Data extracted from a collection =
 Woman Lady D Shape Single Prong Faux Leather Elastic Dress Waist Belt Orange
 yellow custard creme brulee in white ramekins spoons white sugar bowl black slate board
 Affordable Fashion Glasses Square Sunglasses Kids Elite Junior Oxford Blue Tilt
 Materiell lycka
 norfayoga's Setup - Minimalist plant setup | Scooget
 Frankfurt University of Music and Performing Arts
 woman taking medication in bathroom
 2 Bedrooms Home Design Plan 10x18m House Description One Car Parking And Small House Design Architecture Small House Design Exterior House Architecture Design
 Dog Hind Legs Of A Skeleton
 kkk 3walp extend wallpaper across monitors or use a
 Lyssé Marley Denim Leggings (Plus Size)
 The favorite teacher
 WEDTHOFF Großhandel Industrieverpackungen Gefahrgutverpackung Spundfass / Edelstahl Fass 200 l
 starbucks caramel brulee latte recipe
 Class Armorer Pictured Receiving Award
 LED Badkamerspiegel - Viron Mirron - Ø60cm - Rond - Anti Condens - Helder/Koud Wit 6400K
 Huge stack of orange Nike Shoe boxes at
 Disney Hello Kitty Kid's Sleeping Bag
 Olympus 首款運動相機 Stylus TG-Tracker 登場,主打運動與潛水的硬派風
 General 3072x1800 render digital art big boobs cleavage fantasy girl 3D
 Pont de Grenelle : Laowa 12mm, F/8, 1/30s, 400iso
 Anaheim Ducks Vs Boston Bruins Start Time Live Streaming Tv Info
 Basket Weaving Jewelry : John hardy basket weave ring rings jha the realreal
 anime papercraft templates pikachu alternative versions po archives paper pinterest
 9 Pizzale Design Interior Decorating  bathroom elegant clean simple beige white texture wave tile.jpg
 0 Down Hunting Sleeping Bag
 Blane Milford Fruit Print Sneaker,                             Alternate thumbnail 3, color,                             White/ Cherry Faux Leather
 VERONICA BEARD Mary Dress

Task prompt =
Set down the lines from the one with "LED Badkamerspiegel - Viron" through the end of the data above. Keep each exactly as written and add no other line.

The answer =
 LED Badkamerspiegel - Viron Mirron - Ø60cm - Rond - Anti Condens - Helder/Koud Wit 6400K
 Huge stack of orange Nike Shoe boxes at
 Disney Hello Kitty Kid's Sleeping Bag
 Olympus 首款運動相機 Stylus TG-Tracker 登場,主打運動與潛水的硬派風
 General 3072x1800 render digital art big boobs cleavage fantasy girl 3D
 Pont de Grenelle : Laowa 12mm, F/8, 1/30s, 400iso
 Anaheim Ducks Vs Boston Bruins Start Time Live Streaming Tv Info
 Basket Weaving Jewelry : John hardy basket weave ring rings jha the realreal
 anime papercraft templates pikachu alternative versions po archives paper pinterest
 9 Pizzale Design Interior Decorating  bathroom elegant clean simple beige white texture wave tile.jpg
 0 Down Hunting Sleeping Bag
 Blane Milford Fruit Print Sneaker,                             Alternate thumbnail 3, color,                             White/ Cherry Faux Leather
 VERONICA BEARD Mary Dress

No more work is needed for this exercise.